2012年2月22日

短編映画『There's No Tomorrow』

ローマクラブの報告書『成長の限界』が発表されたのは、1972年のことだった。テーマは、とてもシンプル。「有限地球で無限成長はあり得ない」というものだ。

あれから40年。楽観主義者は、今でも「無限成長」を信じている様子だし、技術が解決してくれるはずだ、市場が解決してくれるはずだという。悲観主義者は、「崩壊」は間近だと警鐘を鳴らし、「新しい原始時代生活」を覚悟せよという。

結果がどうなるのかは、わからない。なにをもって「崩壊」とするのかというのは議論の分かれるところだが、「崩壊」としか呼びようのない状態になるのかもしれない。真実は、両者の間にあるのかもしれない。

ただ、最近では、楽観主義者が減りつつあるような印象もある。「何かおかしいぞ」というわけだ。

そんな中、「成長の限界」を視覚化した短編アニメーション映画『There's No Tomorrow』(Dermot O' Connor監督)が公開された。地球の歴史からさかのぼって、人類とエネルギーとの関係について、そして今何が問題になっているのかをわかりやすく説明してくれる。

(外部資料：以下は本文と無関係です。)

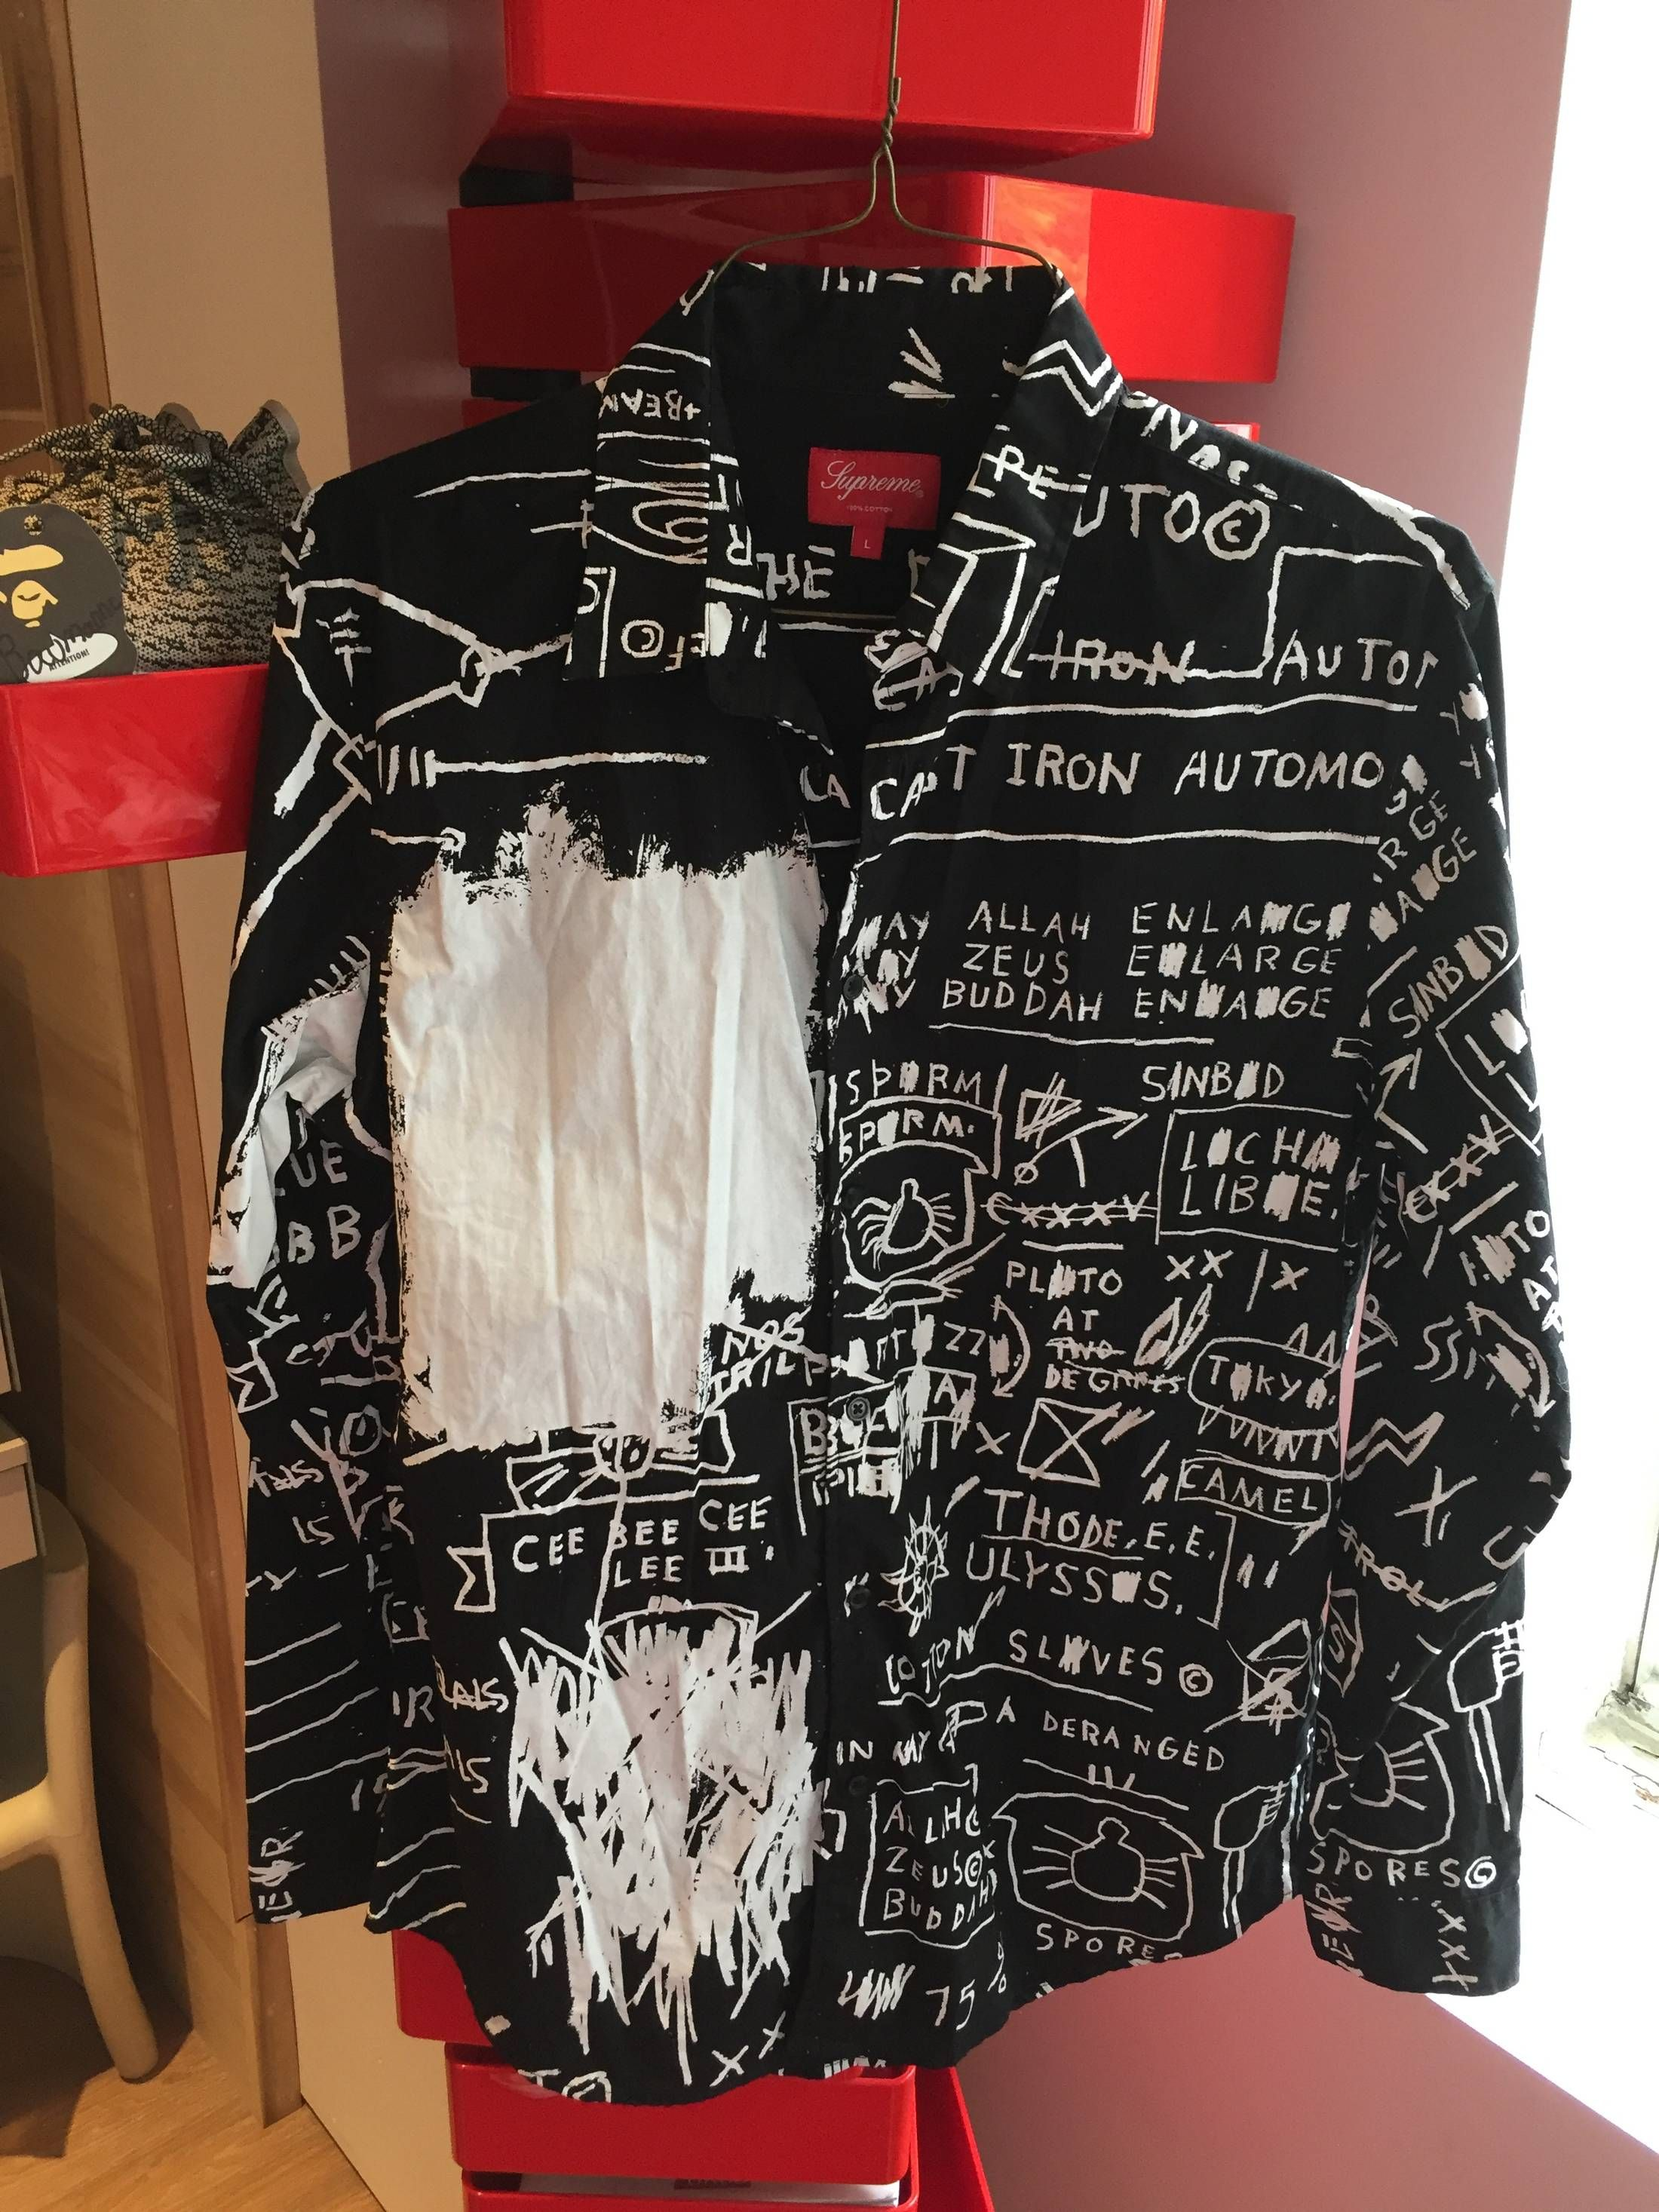 Supreme Supreme Basquiat Shirt Button Up Black Cool Outfits Aesthetic Clothes Diy Clothes

ただし、アメリカで制作された動画なので、内容がアメリカ中心に描かれている。それでも、問題の核心を知ることは出来る。

今後は、こうした動画の日本バージョンも作っていくべきだろう。ただ単に、「翻訳」をするということではなく、日本の文脈で構成を組み上げるという意味だ。

エネルギー分野、とりわけ自然を相手にするような再生可能エネルギーの領域では、成功事例の「模倣」をして新たな価値を付け加えるという「エミュレーション・モデル」(emulation model)はなじまない。その土地その土地によって、自然状況はみな異なるためだ。その土地に根付いた(その土地の自然状況を知り抜いた)人びとによって、ボトムアップで政策が練り上げられる必要がある。

いずれにせよ、最近公開されたこの『There's No Tomorrow』は、「研究内容を一般の人びとにどうすればわかりやすく提示することが出来るのか」という問題も含め、大いに参考になる。今のところ英語版だけ(日本語翻訳なし)のようだが、一見の価値がある。